Ich liebe es, an warmen Sommertagen draussen vor dem Haus zu essen. Während ich Pouletschenkel mit Bratkartoffeln und Salat geniesse, sehe ich eine Radfahrerin mit Helm auf dem Kopf die Kirchentreppe hochsteigen. Wie schön, dass sie nicht nur die Wasserflasche am Dorfbrunnen füllt, sondern sich eine Pause im Gotteshaus gönnt, um ihre Seele aufzutanken. Doch bereits nach einer knappen Minute öffnet sich die Kirchentüre wieder und die
Frau hüpft leichtfüssig die Treppe hinab, steigt auf ihr Velo und fährt los.
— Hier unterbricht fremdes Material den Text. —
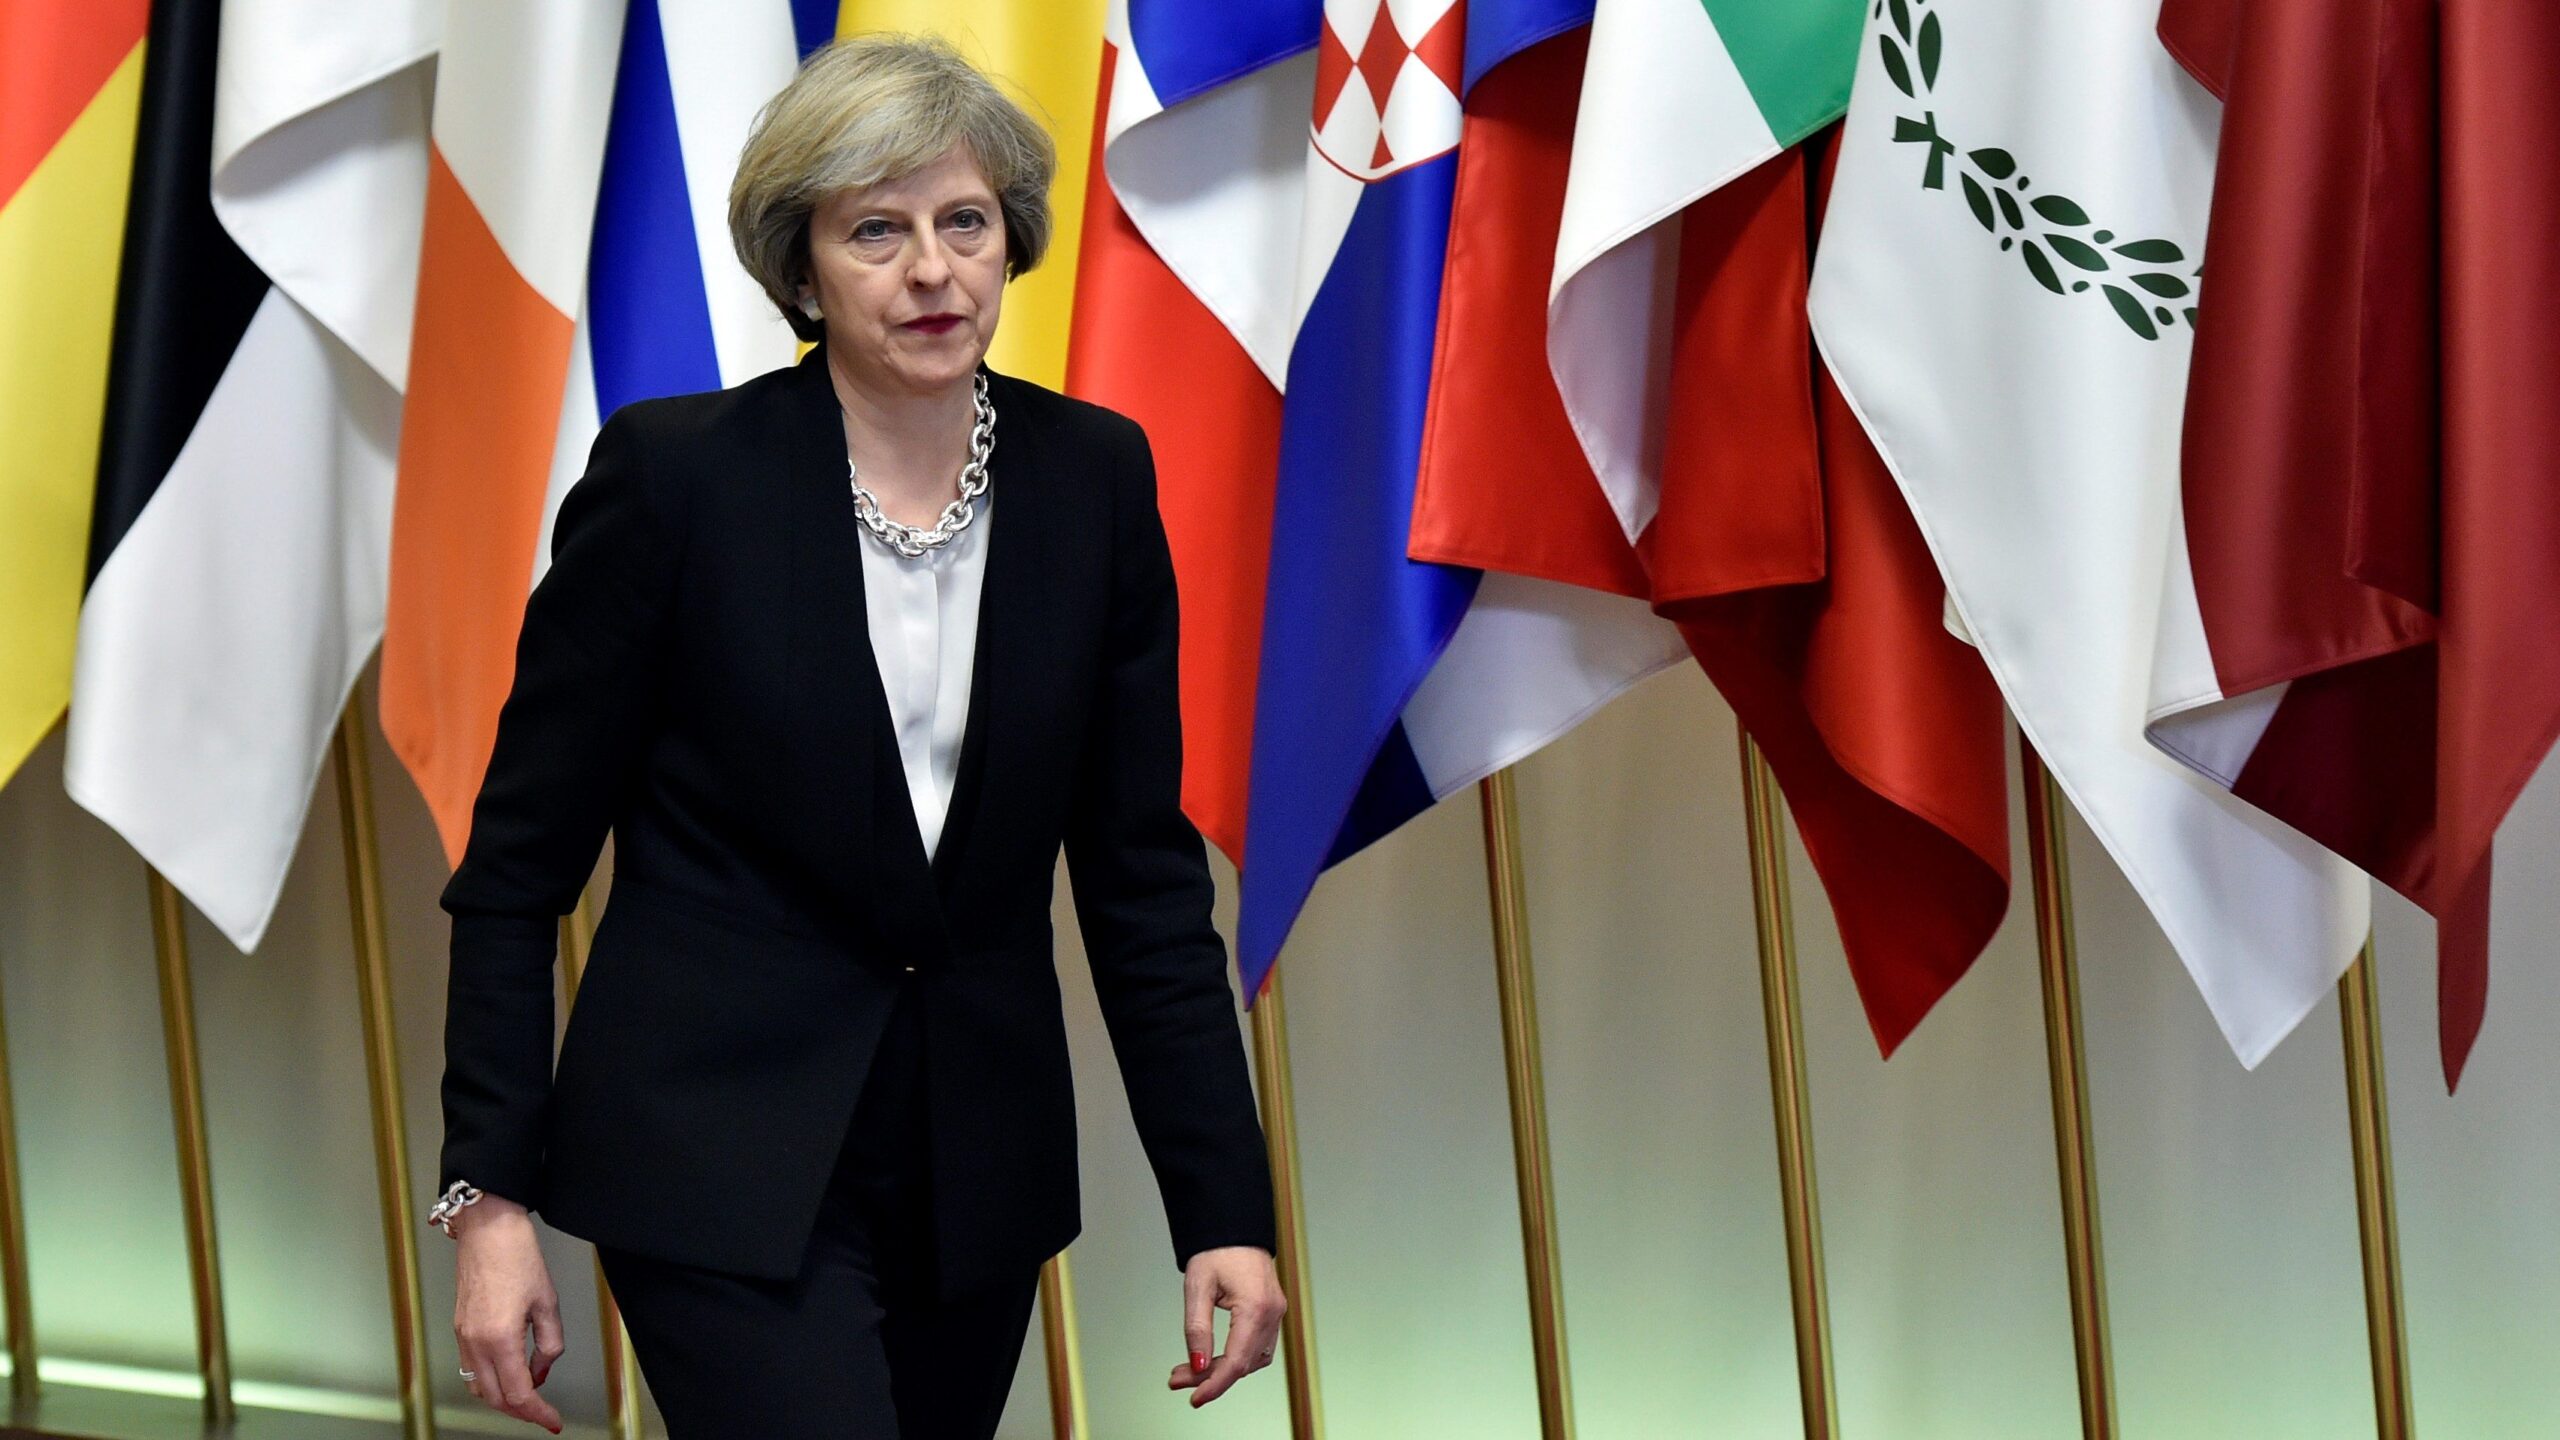 Theresa May Needs to Think Like a Poker Player in Brexit Talks, Says Pro
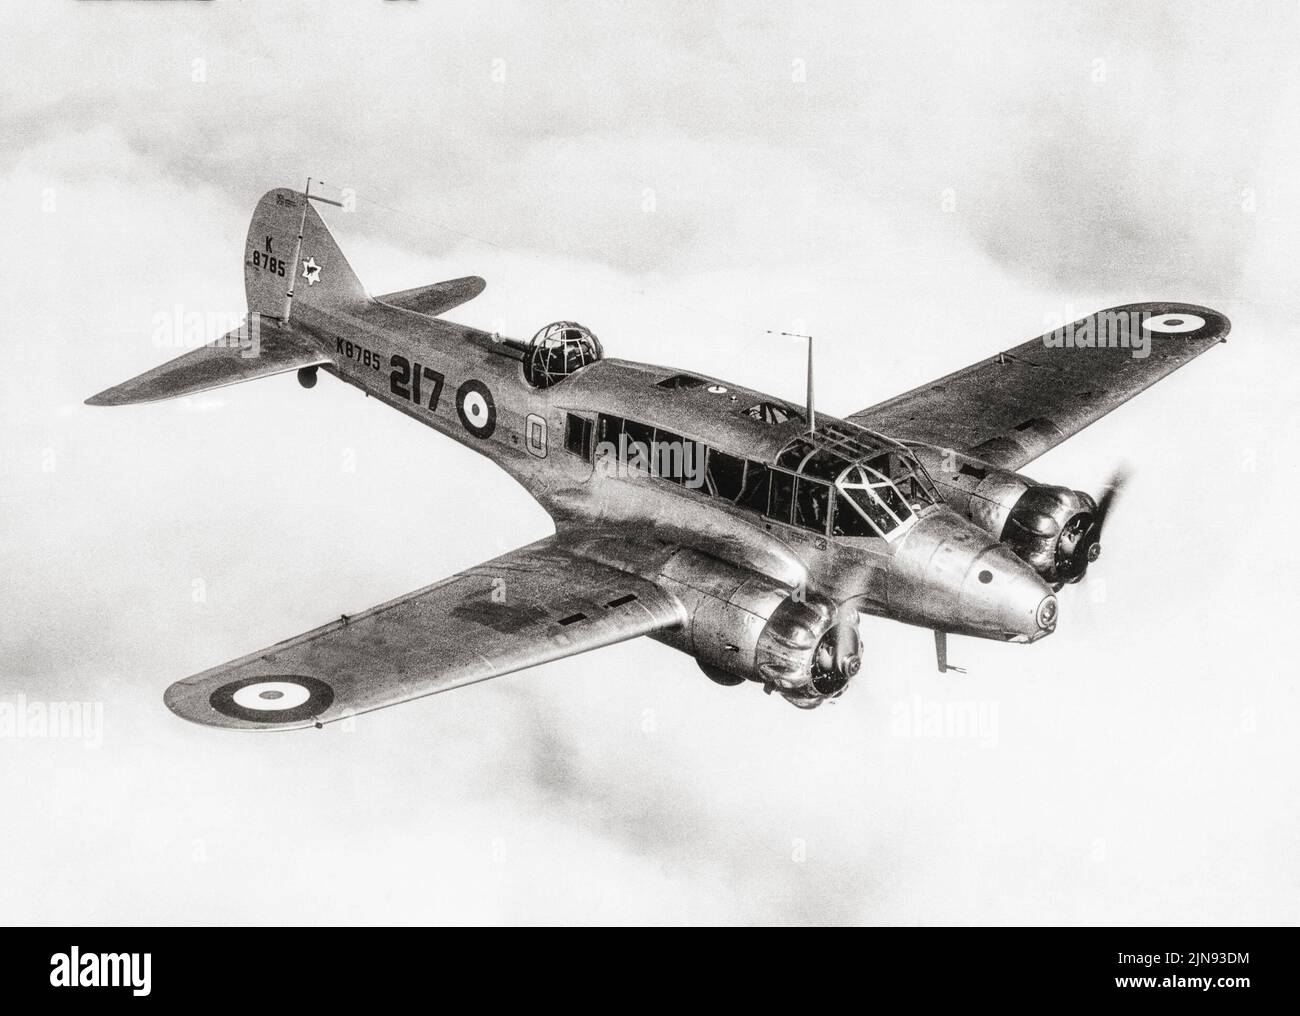 Avro Anson Mark 1  No.217 Squadron, in flight  in  1937. A British twin-engined, multi-role aircraft it went on to serve in a variety of roles for the Royal Air Force (RAF), Fleet Air Arm (FAA), Royal Canadian Air Force (RCAF) and numerous other air forces before, during, and after the Second World War. Stock Photo

Erstaunt frage ich mich, wie es jemand schafft, in 50 Sekunden eine Kirche zu besichtigen. Sich einmal um die eigene Achse drehen, einen Blick zur Kanzel, zum Kreuz an der Wand und dem gestickten Teppich auf dem Abendmahlstisch. Das wars schon. Absitzen liegt nicht drin; falls ein Gebet, dann höchstens im Instant-Stil: «Hier bin ich Gott, amen.» Die Bedeutung von «Instant» wird im
Duden beschrieben mit «sofort, ohne Vorbereitung zur Verfügung stehend (zum Beispiel Instantkaffee).» Zu einer Instant-Gesellschaft gehört dann wohl auch ein Instant-Kirchenbesuch mit einem Instant-Gebet, und schon geht die rasende Fahrt durchs Leben weiter. Während ich diesen Gedanken nachhänge, höre ich meine Frau sagen: «Hast du heute ein Tempo beim Essen!» Tatsächlich, während sie kaum begonnen hat, ist mein Teller bereits leergefegt bis auf die abgenagten Knochen. Willkommen im Instant-Club. Ich bin gerade dabei, eine entspannte Beziehungszeit mit
meiner Frau zu verpassen. Oft geht es mir auch mit Gott so. Während dem Beten schweifen meine Gedanken ab zu den Aufgaben des Tages. Eine Zeiterscheinung? Ich schmunzle, als ich später in der Bibel lese, wie Jesus seine Jünger aufforderte: «Kommt jetzt mit, ihr allein! Wir suchen einen ruhigen Platz, damit ihr euch ausruhen könnt.» Denn es war ein ständiges Kommen und Gehen, sodass sie nicht einmal Zeit zum Essen hatten.